Rep. Gutierrez: Millions Waiting As Obama Immigration Actions Stalled

On the eve of the one-year anniversary of President Obama's announcement on executive actions on immigration, Rep. Luis Gutierrez (D-Ill.) said millions of families are still waiting for relief.

At an event hosted Thursday by the Center for American Progress, Gutierrez said a year might not seem like a long time for some. "But if you're waiting for a sense of safety, if you're waiting for your parents to be protected, if you're waiting for a piece of paper that says you can work legally, a year is an eternity," he said.

Friday marks one year since Obama announced a series of executive actions that included the Deferred Action for Parents of Americans and Lawful Permanent Residents, or DAPA. The federal program would protect from deportation undocumented parents who have children who are citizens or legal residents and offer them a chance to apply for a work permit.

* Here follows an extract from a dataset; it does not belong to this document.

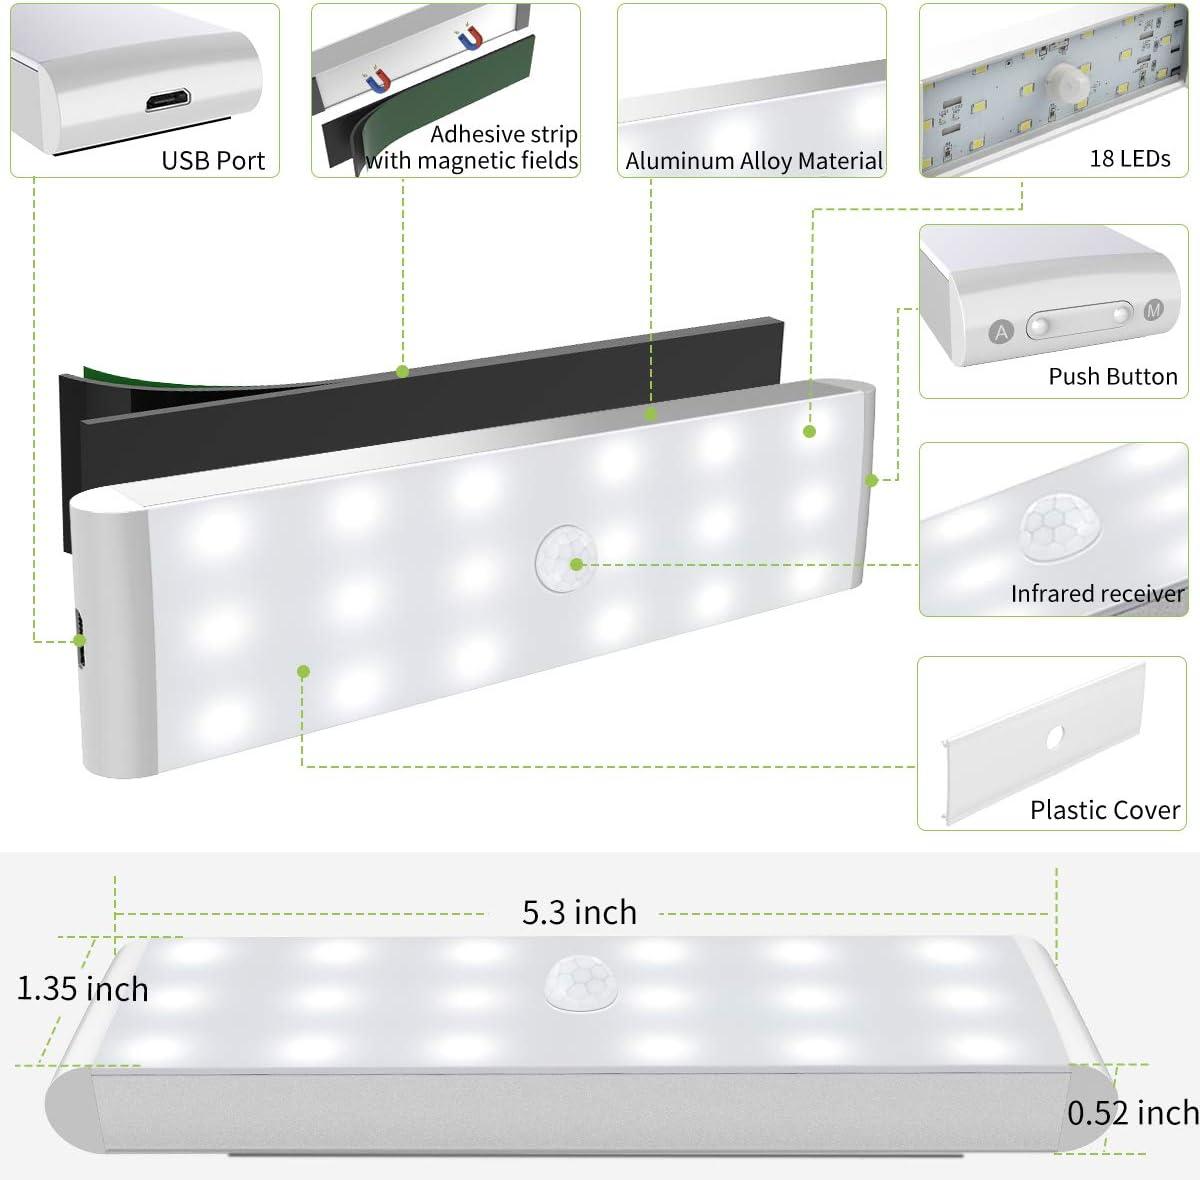 LED Closet Light 18-LED Motion Sensor Dimmer Under Cabinet Light Rechargeable Wireless Stick on Anywhere Night Light Bar Safe Lights for Wardrobe Stairs Bedroom Hallway 1 Pack

The president also announced as part of his executive actions that he would expand Deferred Action for Childhood Arrivals, or DACA, a program he first announced in 2012 designed for undocumented youth who have spent most of their lives in the U.S.

But both DAPA and expanded DACA were blocked in the courts following a lawsuit by Texas and 25 other states. Last week, after a federal appeals court maintained a hold on the president's executive actions, the Obama administration said it plans to file an appeal with the U.S. Supreme Court.

Gutierrez said Thursday he's confident that the Supreme Court will take up the case and rule in favor of the Obama administration by June of next year. In the meantime, he said undocumented immigrants who would qualify for the blocked programs should be protected from deportation.

That's because, he explained, the courts did not block prosecutorial discretion measures that Obama announced as part of his executive actions. The measures define how immigrants are prioritized for deportation. He said under those measures, undocumented immigrants who would qualify for DAPA or expanded DACA should be considered a low priority for deportation.

"They cannot come forward and register for a work permit or submit their fingerprints for a criminal background check," Gutierrez said, referring to those who would be eligible for DAPA or expanded DACA. "But millions of immigrants who live, work and raise their families in the United States should be protected from deportation if the system is working the way it's supposed to."

He also recommended undocumented immigrants to gather the documents necessary—such as birth certificates of their U.S. citizen or lawful permanent resident children—to prove that they would qualify for DAPA or expanded DACA, so they can show those documents to authorities in case they're arrested.

"You should be, if everything works, released because you are no longer a priority and a target for deportation," he said.